Detection of minimally invasive surgical tools is very challenging compared to the task of target detection in natural scenes. Firstly, the number of label samples of the former data set is generally larger, and the number of label samples of the latter data set is relatively smaller; secondly, the complexity of the surgical environment and the movement of organs in the background can cause the target to be lost more easily; in addition, the appearance of the surgical tool, the surgical background, and the pose of the surgical tool lack consistency, and the data set may cause information loss due to illumination variation, specular reflection, tool shadows, motion blur, bleeding, or smoke occlusion in the surgical video, which all bring difficulties to algorithm and model training.
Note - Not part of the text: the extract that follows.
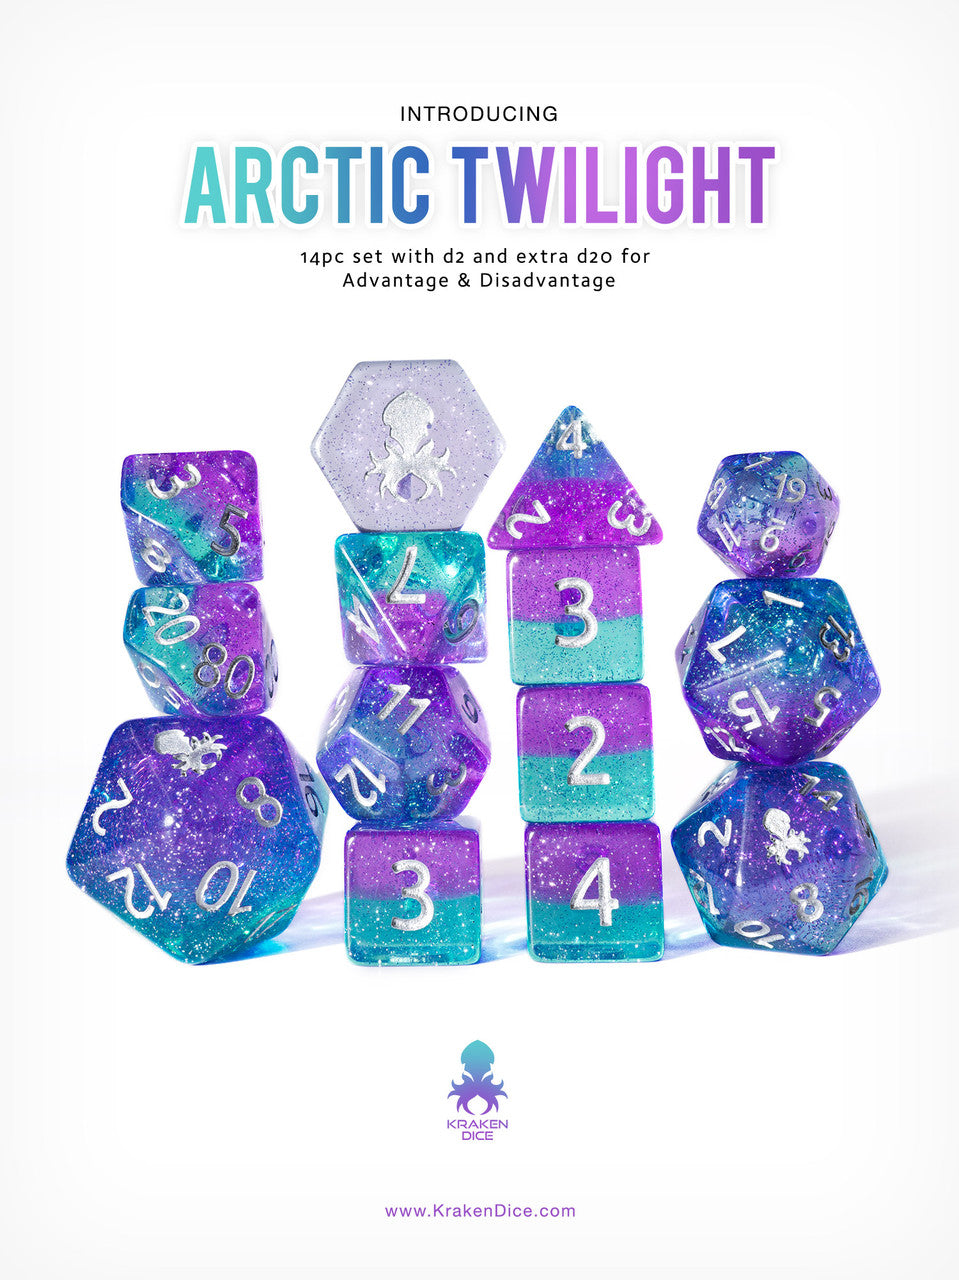 Arctic Twilight 14pc DnD Dice Set inked in silver

Therefore, the inventor finds that the method adopted by the current surgical tool detection is difficult to achieve the real-time effect, and the detection precision is easily influenced by the interference factors.
Disclosure of Invention
In order to solve at least one technical problem in the background art, the invention provides a method and a system for detecting a minimally invasive surgical tool in real time based on attention guidance.
In order to achieve the purpose, the invention adopts the following technical scheme:
the invention provides a real-time minimally invasive surgical tool detection method based on attention guidance.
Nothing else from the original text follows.